--- What this task involves ---
From the records that follow, return exactly the lines beginning at the one that contains "Poplin shirt with shark collar, dot print" and ending at the one that contains "Half Carat Pear", pictures left out.

--- Information shown ---

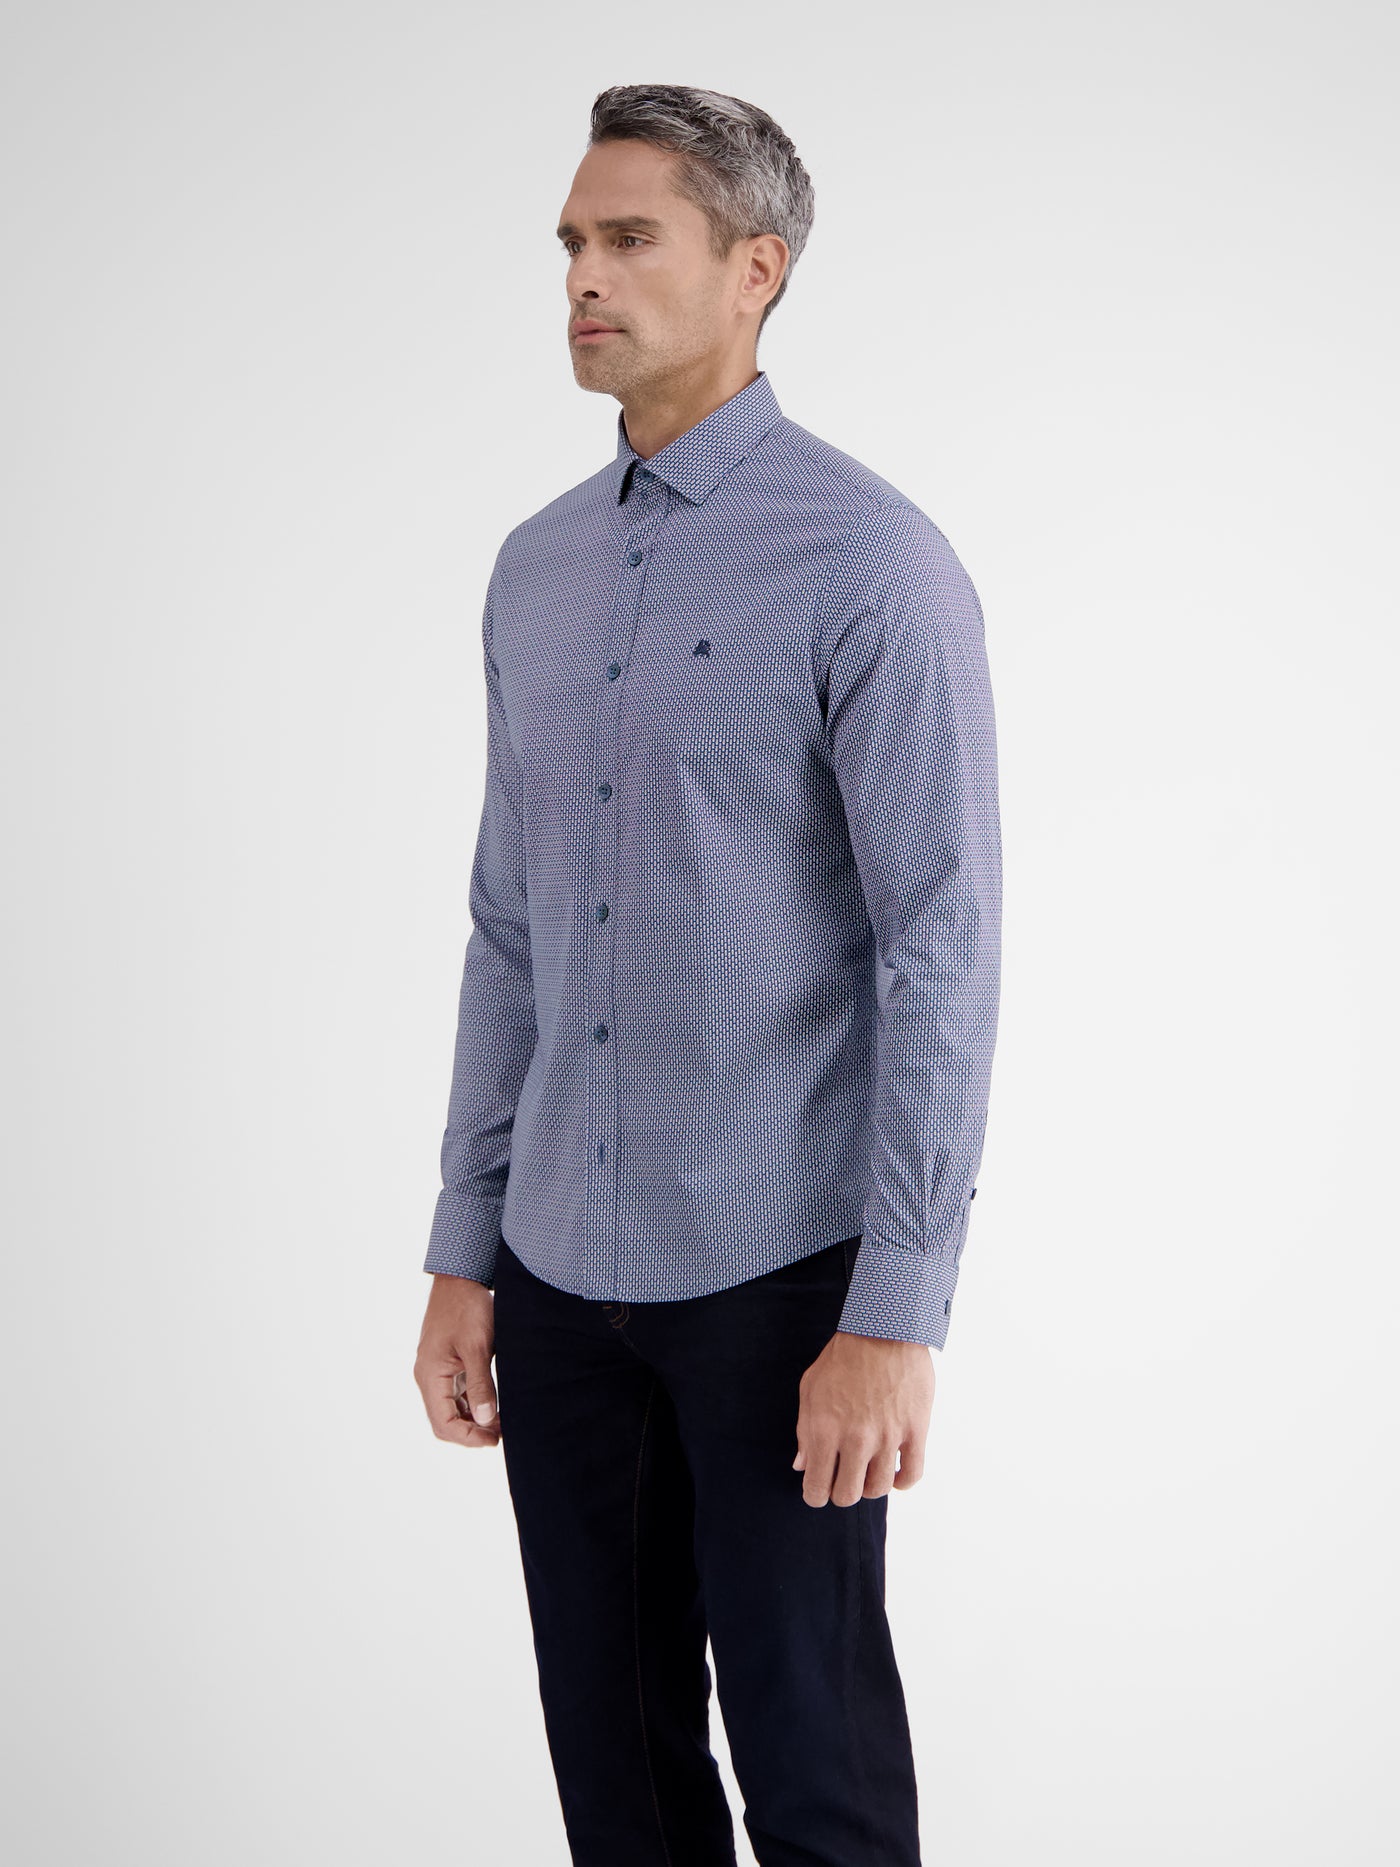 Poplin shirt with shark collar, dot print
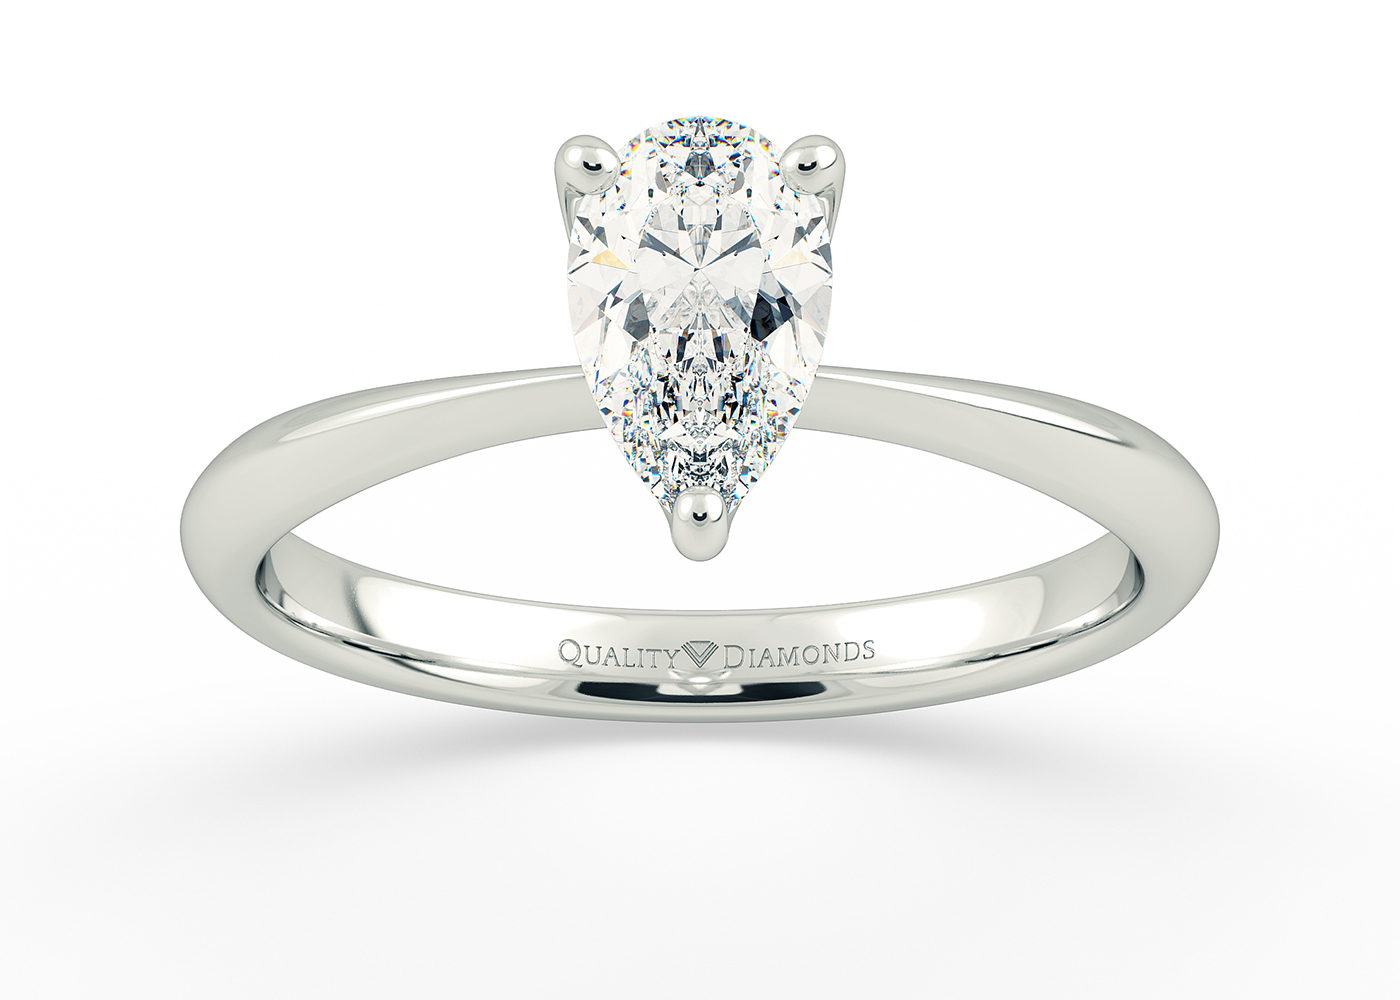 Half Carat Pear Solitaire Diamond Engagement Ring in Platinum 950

...

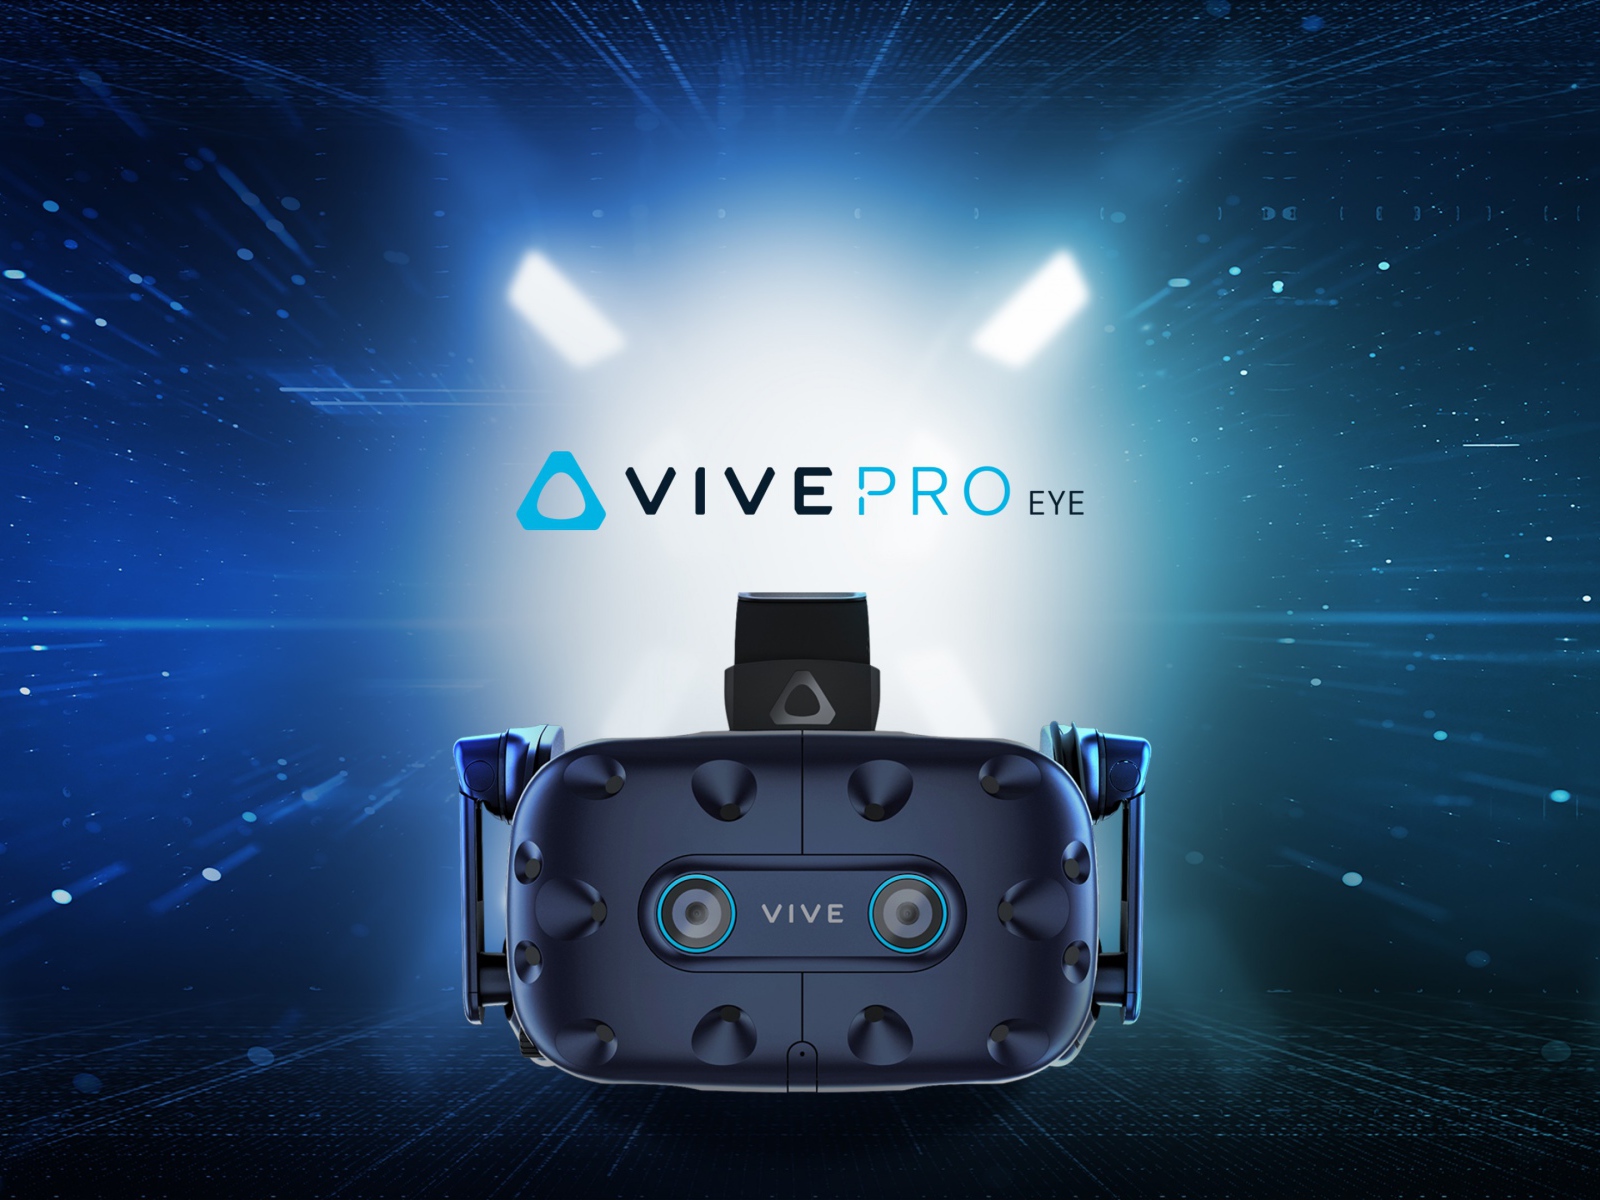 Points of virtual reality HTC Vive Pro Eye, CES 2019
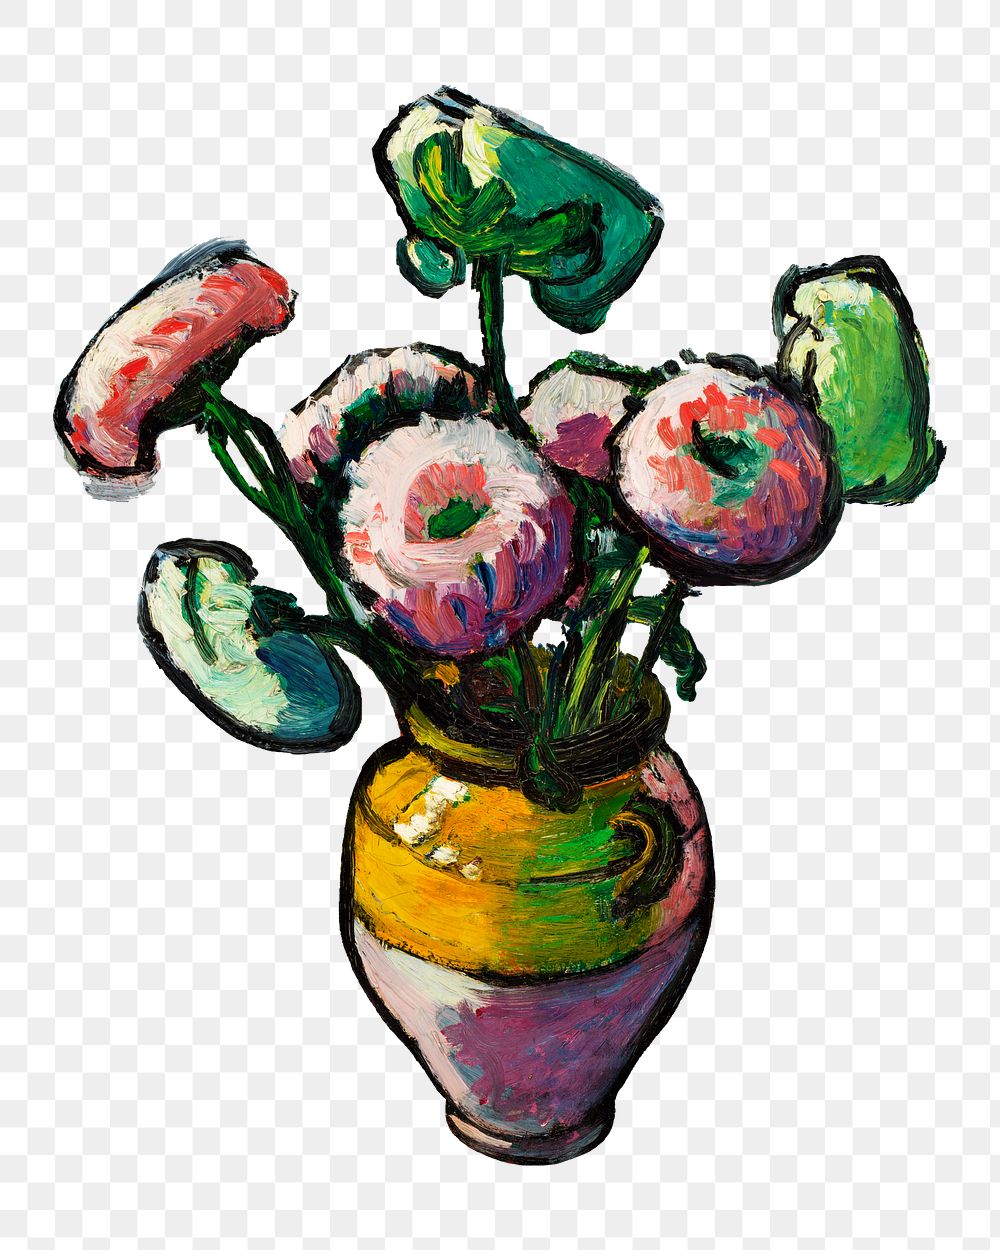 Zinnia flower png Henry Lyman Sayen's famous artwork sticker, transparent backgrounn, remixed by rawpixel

* * *

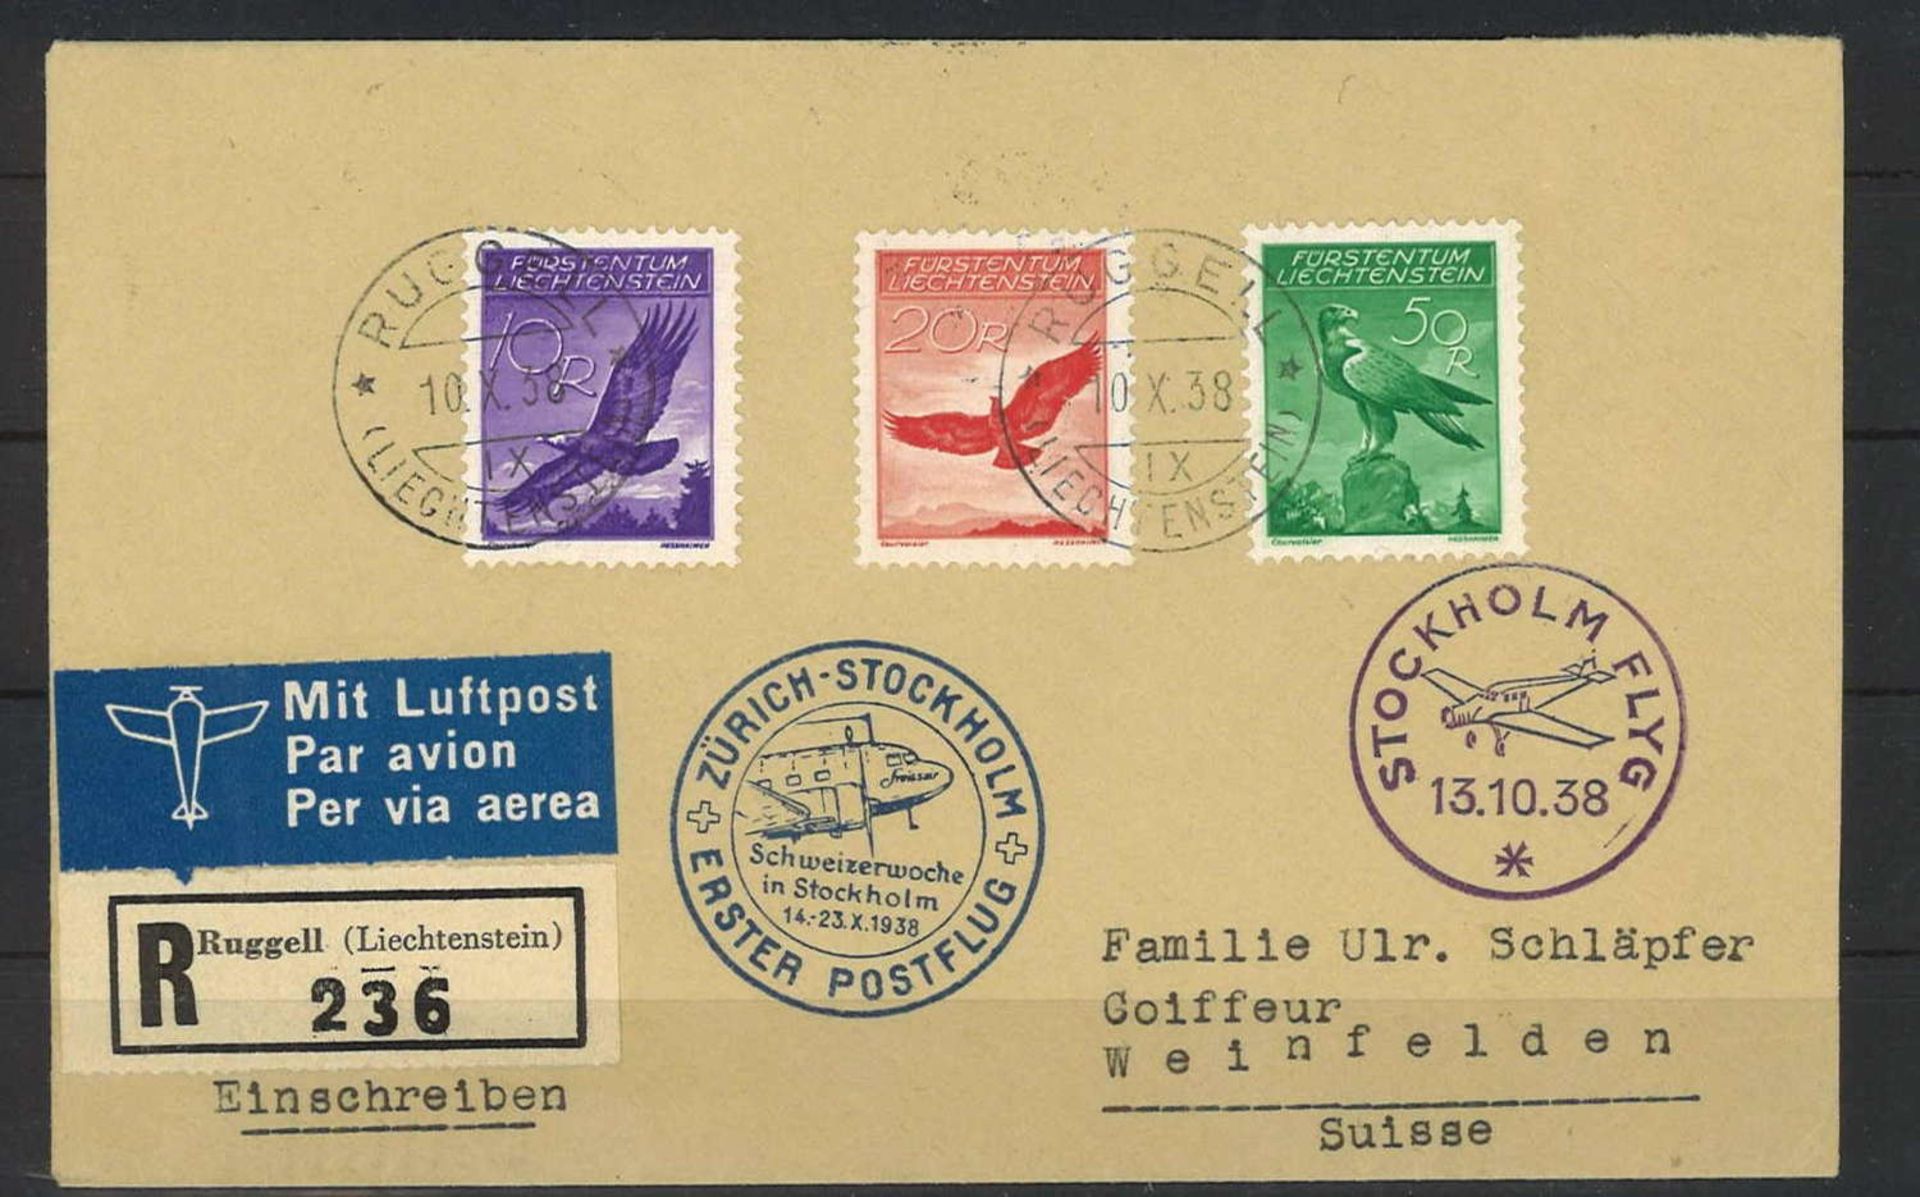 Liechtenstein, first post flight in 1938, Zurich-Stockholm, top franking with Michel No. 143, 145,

--- Answer to this exercise ---
 Poplin shirt with shark collar, dot print
 Half Carat Pear Solitaire Diamond Engagement Ring in Platinum 950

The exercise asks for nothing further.